**** Collected material
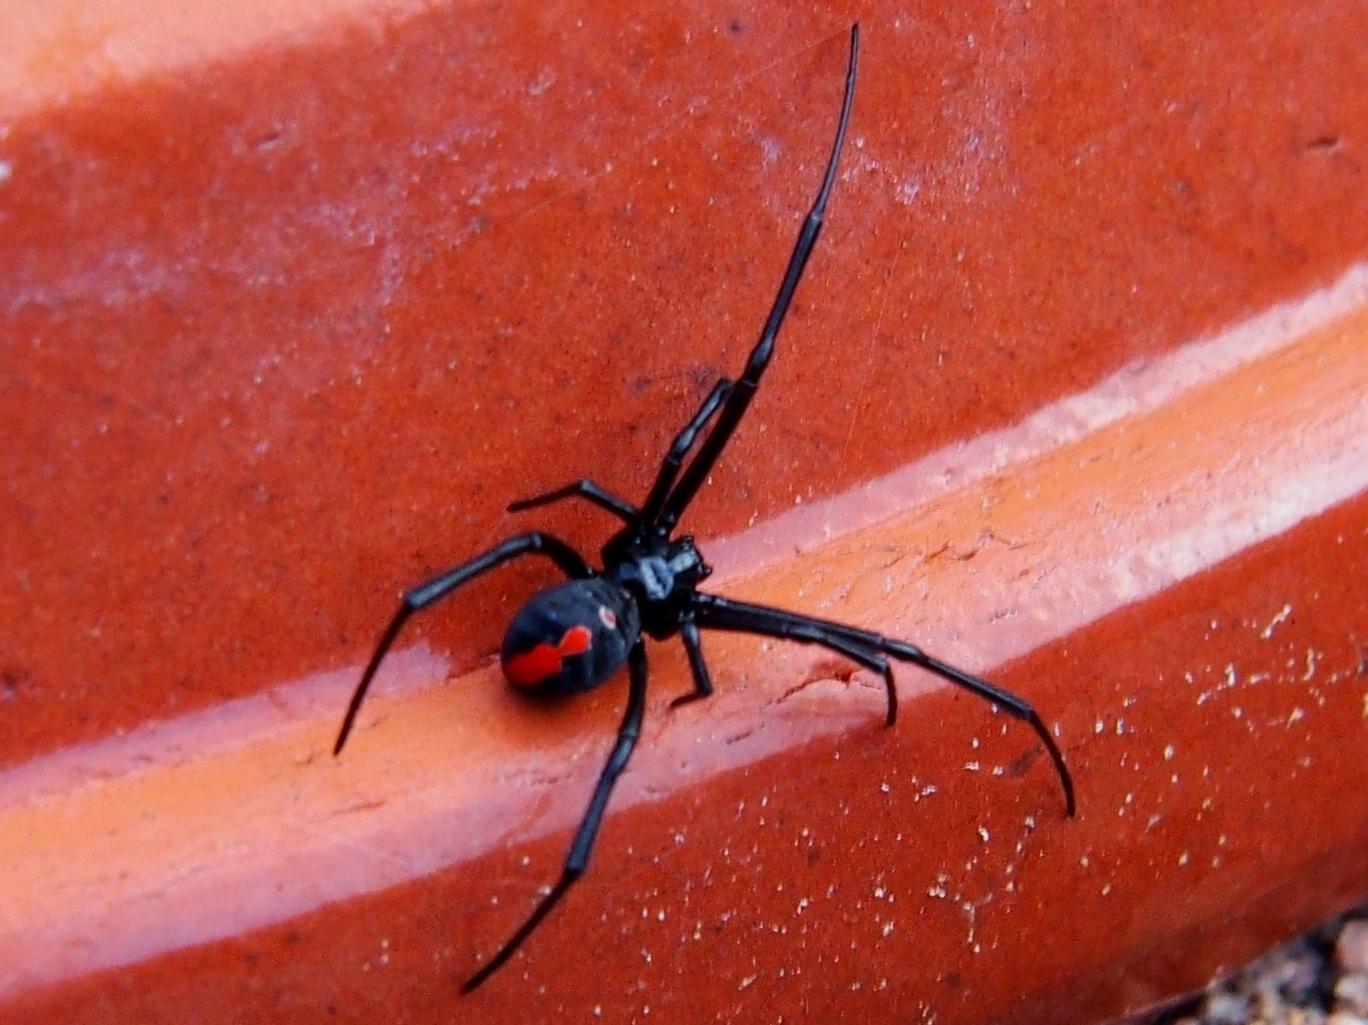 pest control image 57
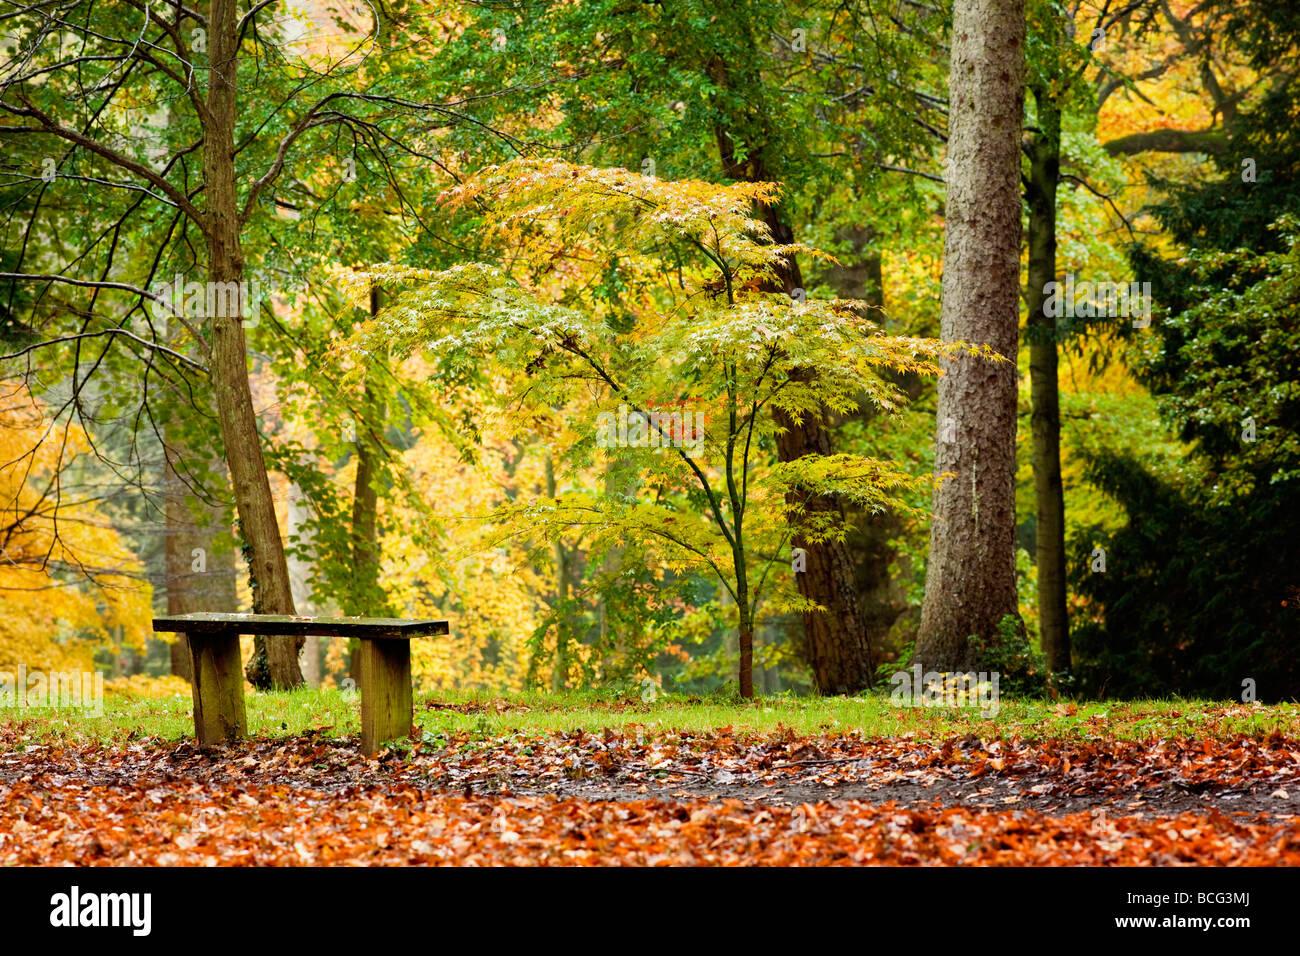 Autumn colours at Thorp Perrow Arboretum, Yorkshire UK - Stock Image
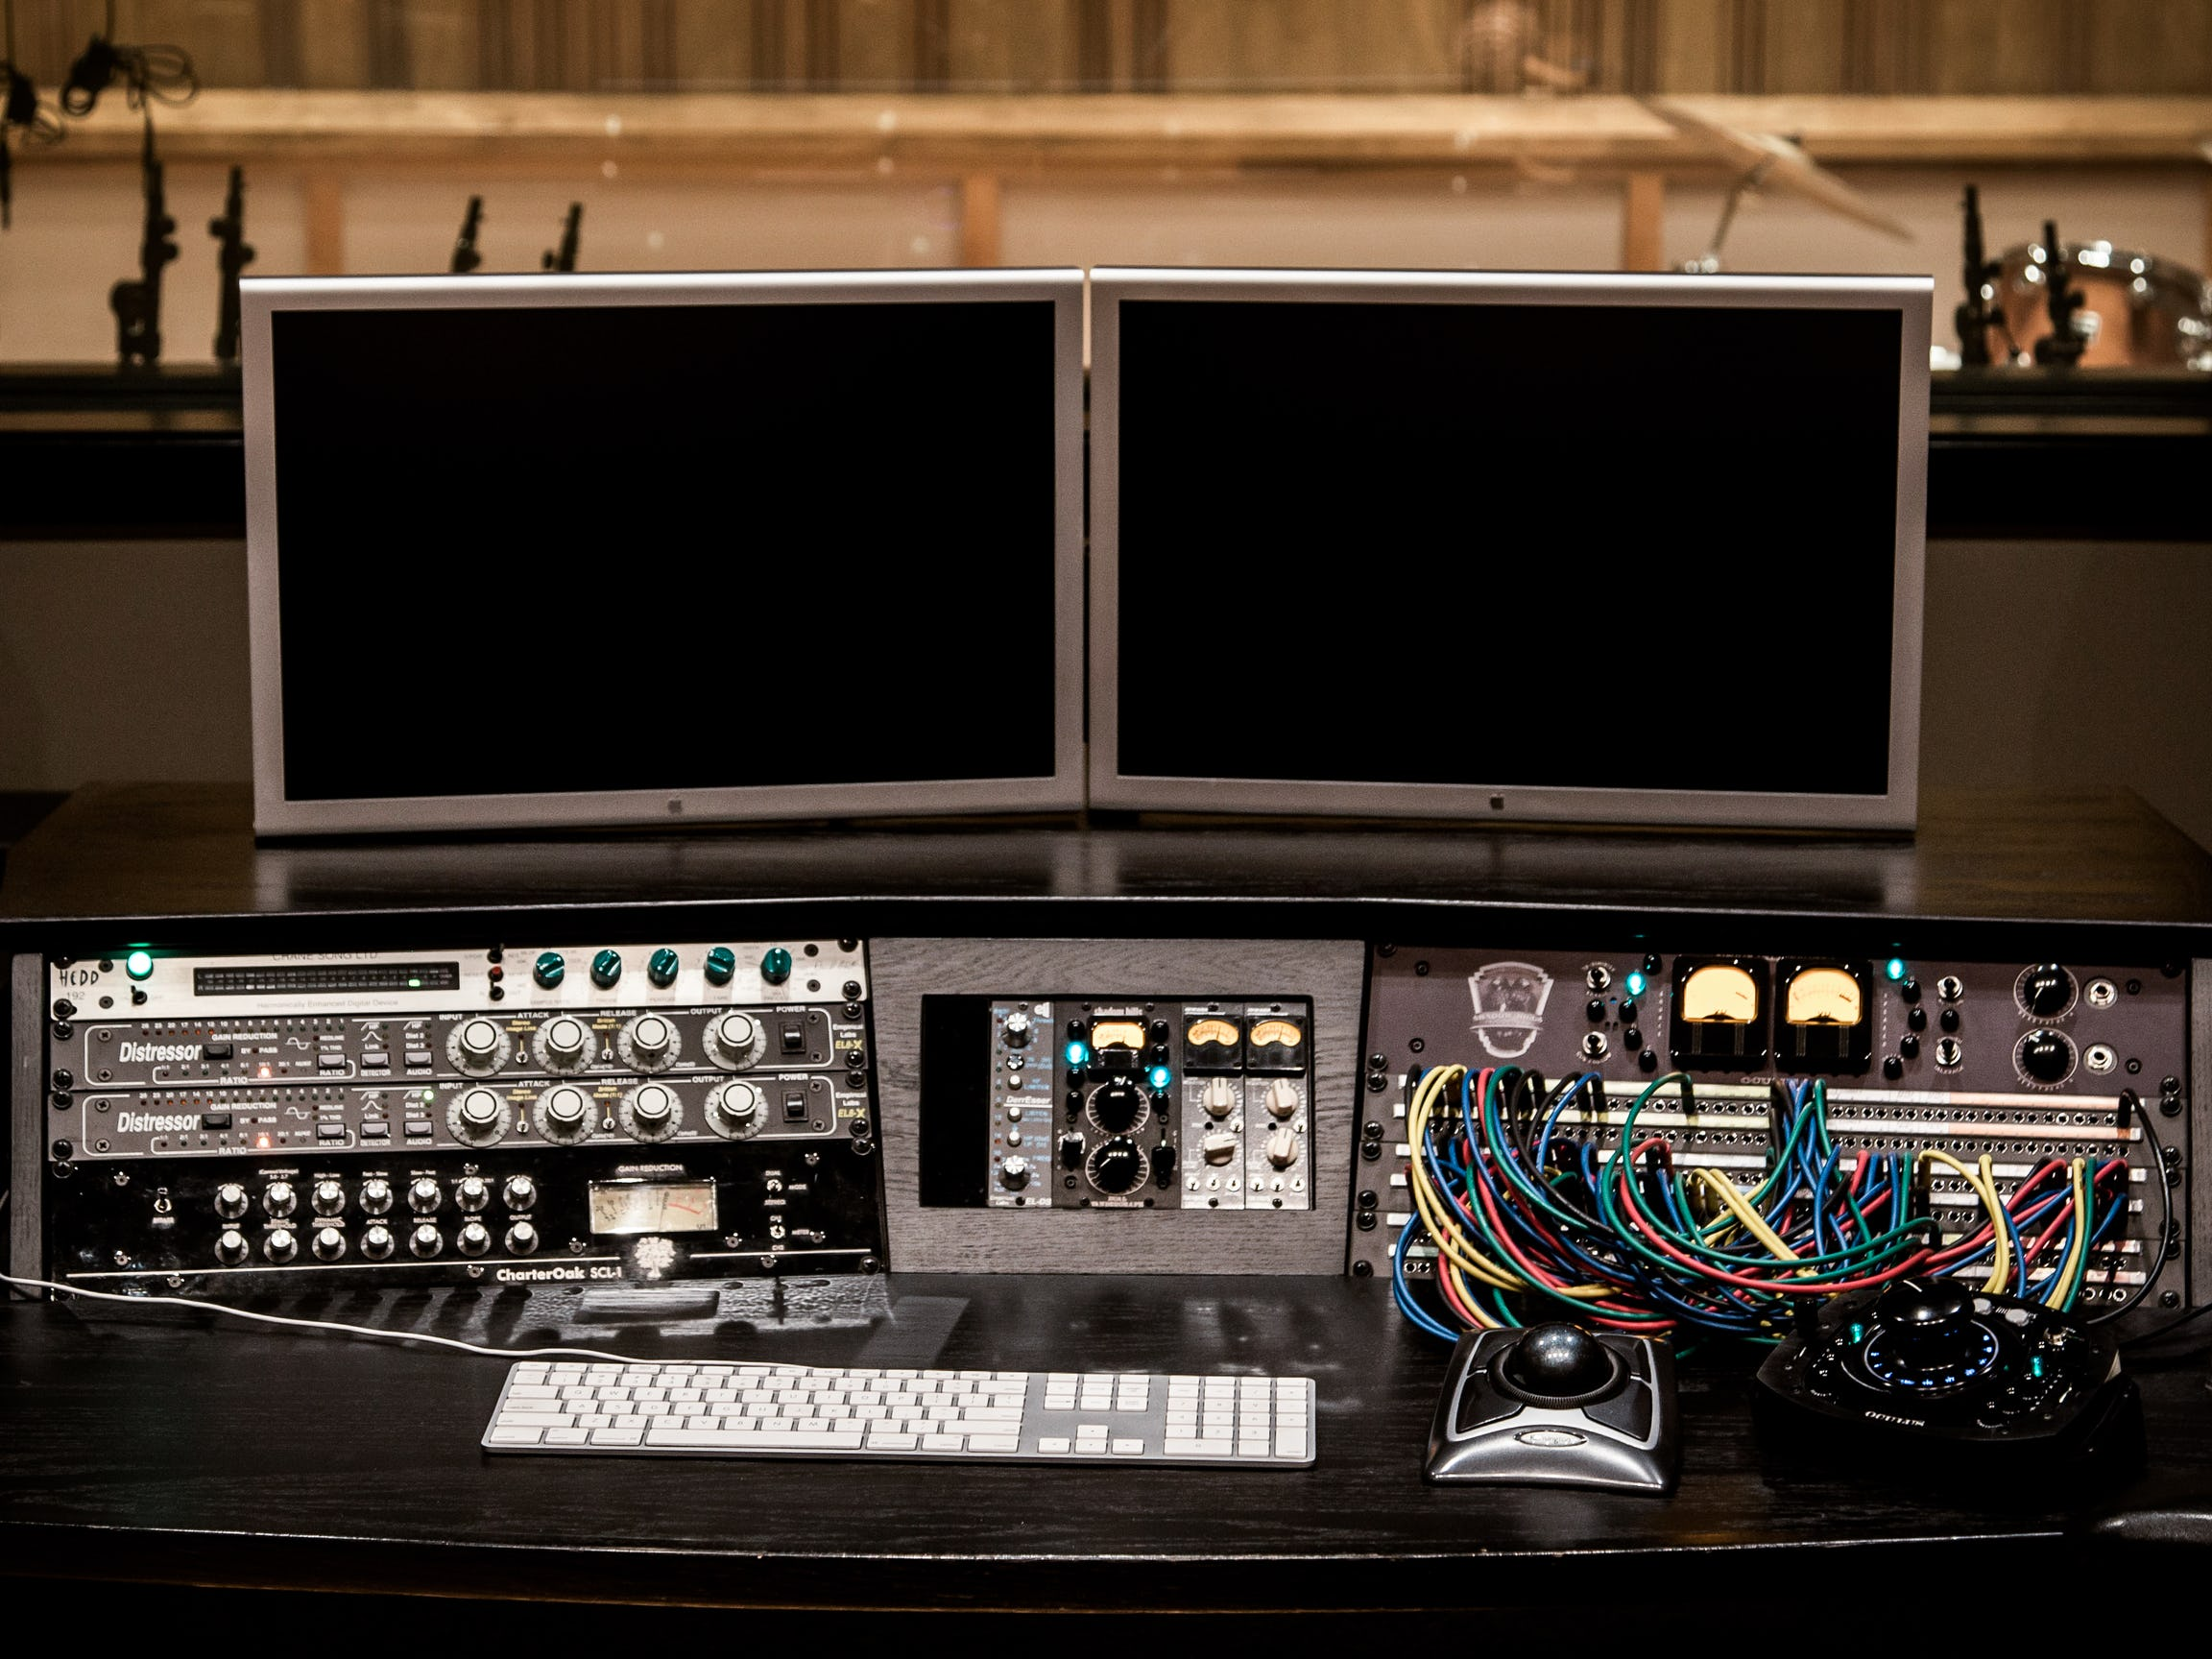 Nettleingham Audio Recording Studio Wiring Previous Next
********
* Your assignment
Set down the material above word for word and skip its pictures.

* Completed exercise
 pest control image 57
 Autumn colours at Thorp Perrow Arboretum, Yorkshire UK - Stock Image
 Nettleingham Audio Recording Studio Wiring Previous Next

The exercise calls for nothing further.